In 2011, a group of researchers conducted a scientific study
to find an impossible result:
that listening to certain songs can make you younger.
Their study involved real people, truthfully reported data,
and commonplace statistical analyses.
So how did they do it?
The answer lies in a statistical method scientists often use
to try to figure out whether their results mean something or if they’re random noise.
In fact, the whole point of the music study
was to point out ways this method can be misused.
A famous thought experiment explains the method:
there are eight cups of tea,
four with the milk added first, and four with the tea added first.
A participant must determine which are which according to taste.
There are 70 different ways the cups can be sorted into two groups of four,
and only one is correct.
So, can she taste the difference?
That’s our research question.
To analyze her choices, we define what’s called a null hypothesis:
that she can’t distinguish the teas.
If she can’t distinguish the teas,
she’ll still get the right answer 1 in 70 times by chance.
1 in 70 is roughly .014.
That single number is called a p-value.
In many fields, a p-value of .05 or below is considered statistically significant,
meaning there’s enough evidence to reject the null hypothesis.
Based on a p-value of .014,
they’d rule out the null hypothesis that she can’t distinguish the teas.
Though p-values are commonly used by both researchers and journals
to evaluate scientific results,
they’re really confusing, even for many scientists.

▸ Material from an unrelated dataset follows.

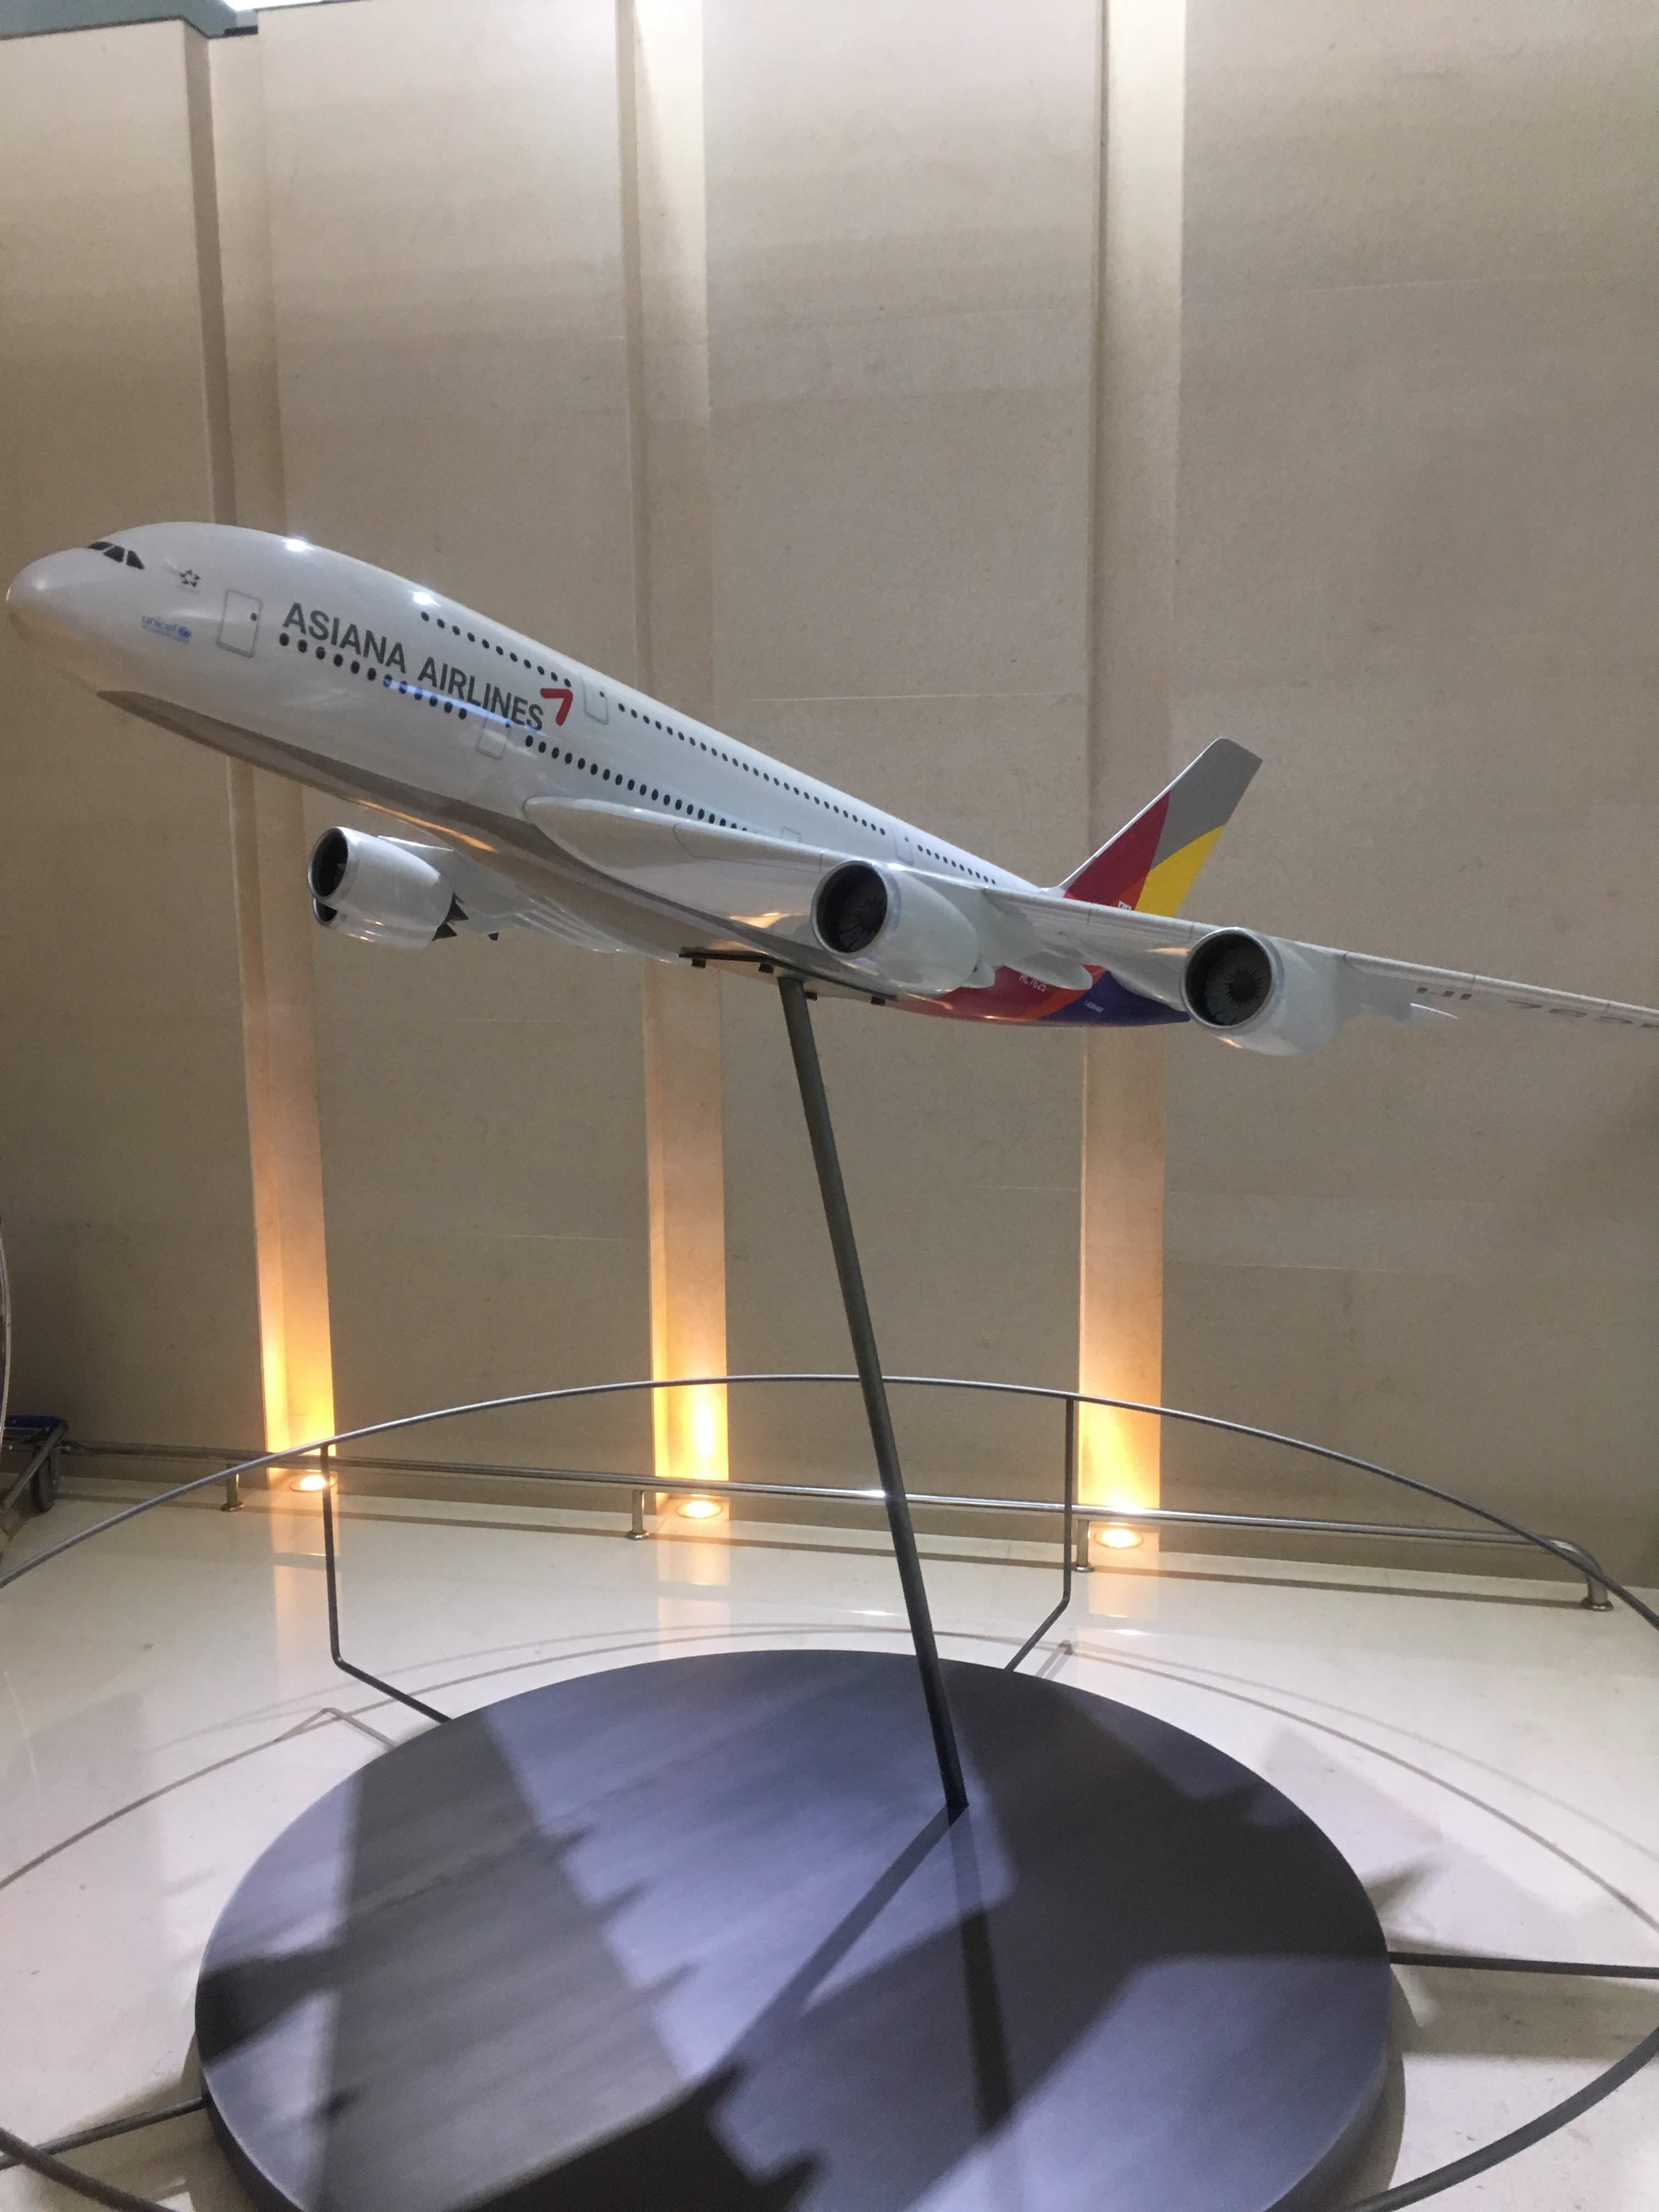 インチョン空港アシアナラウンジ飛行機模型

That’s partly because all a p-value actually tells us
is the probability of getting a certain result,
assuming the null hypothesis is true.
So if she correctly sorts the teas,
the p-value is the probability of her doing so
assuming she can’t tell the difference.
But the reverse isn’t true:
the p-value doesn’t tell us the probability
that she can taste the difference,
which is what we’re trying to find out.
So if a p-value doesn’t answer the research question,
why does the scientific community use it?
Well, because even though a p-value doesn’t directly state the probability
that the results are due to random chance,
it usually gives a pretty reliable indication.
At least, it does when used correctly.
And that’s where many researchers, and even whole fields,
have run into trouble.
Most real studies are more complex than the tea experiment.
Scientists can test their research question in multiple ways,
and some of these tests might produce a statistically significant result,
while others don’t.
It might seem like a good idea to test every possibility.
But it’s not, because with each additional test,
the chance of a false positive increases.
Searching for a low p-value, and then presenting only that analysis,
is often called p-hacking.
It’s like throwing darts until you hit a bullseye
and then saying you only threw the dart that hit the bull’s eye.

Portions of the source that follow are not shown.